Little to no cash on hand? There are lots of ways to raise money for your first real estate deal. Here are three.
#1 Partner with a Private Lender
A private lender is a person who lends you money. This person can be a friend, a relative, or someone you traded business cards with at your last networking event.
To form a partnership like this, you’ll have to do something that is always simple but not necessarily easy.
You’ll have to ask.
Nine times out of ten, no one is going to just hand you thousands of dollars for kicks and giggles. But you might be surprised by how many people in your circle are genuinely interested in the opportunity you’re offering them.
You don’t need to wait until you’ve found a deal to start the conversation with a potential private lender.
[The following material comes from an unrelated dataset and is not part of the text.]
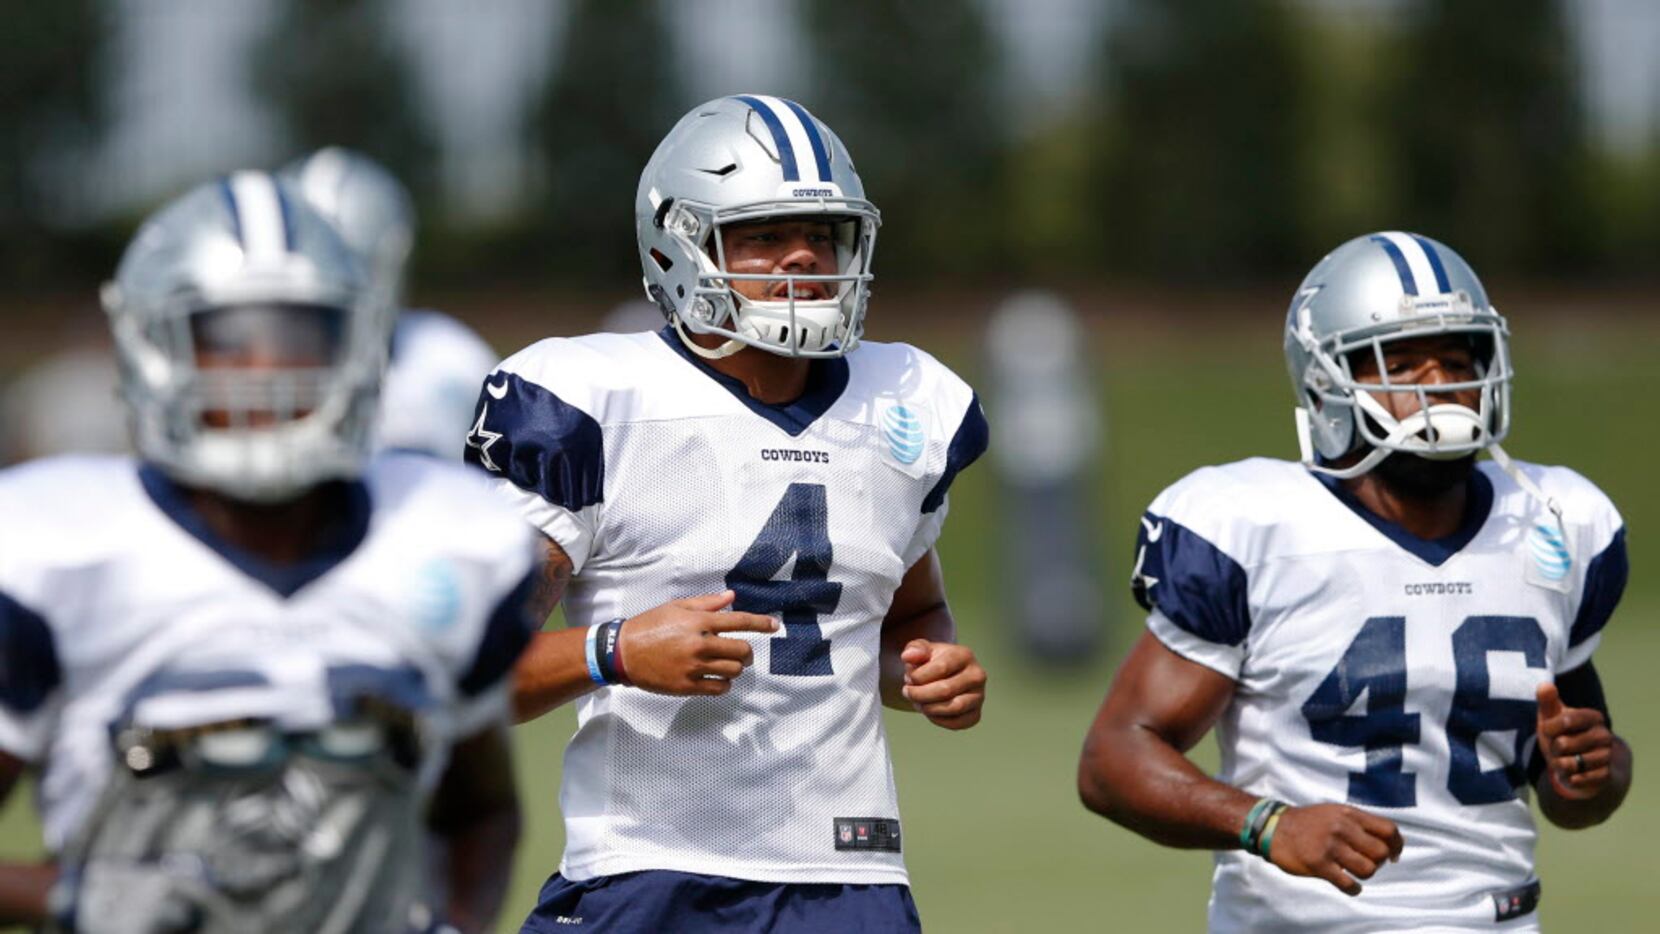 Dak Prescott's college coach: 'He's going to handle the moment well' of  being Cowboys' starting QB

If you know you’re ready to dive into real estate investment, reach out to people you know and trust. Then tell them how you plan to invest and ask if they’d be interested in partnering with you.
#2 Apply for a Hard Money Loan
A hard money loan is one way to get most if not all of the money you need to buy and rehab a home quickly.
These loans typically come with high interest rates and other fees. It’s not unusual to pay your hard money lender a monthly interest rate of around 11% on your first deal. That’s not inexpensive, but don’t let that scare you away from the deal if the numbers make sense.
It’s a good idea to have a preliminary phone conversation with a hard money lender before applying for a loan. During the call, make sure you cover these topics:
- How much of the total project (price of property + rehab) the loan will cover.
- How much interest you’ll be paying each month.
- How long you have to pay back the loan.
- What the penalties for exceeding the loan ending date are.
- If you can pay back the loan early without a penalty.
#3 Use Your Equity
If you are a homeowner, you may have enough equity to finance your real estate investment ventures. Equity is your home’s appraised value minus what you still owe on your mortgage. So if your home appraises for $200K and you have $100K left to pay on your mortgage, the equity in your home is equal to $100K.
There are a couple of ways you can use that equity. You can take out a home equity line of credit (HELOC) or a home equity loan.
Like a credit card, a HELOC is a source of capital you can use when needed. Also like a credit card, you can’t use more than the approved line of credit. You’ll only have to pay off the amount you borrow.
A home equity loan gives you a certain percentage of your equity in one lump sum. You’ll pay it off monthly as you would a traditional mortgage.
You can invest in real estate even if you have little to no extra cash on hand. The methods described here are riskier than saving cash. But with greater risk, a solid deal, and the right partners, real estate investment becomes much more math than luck.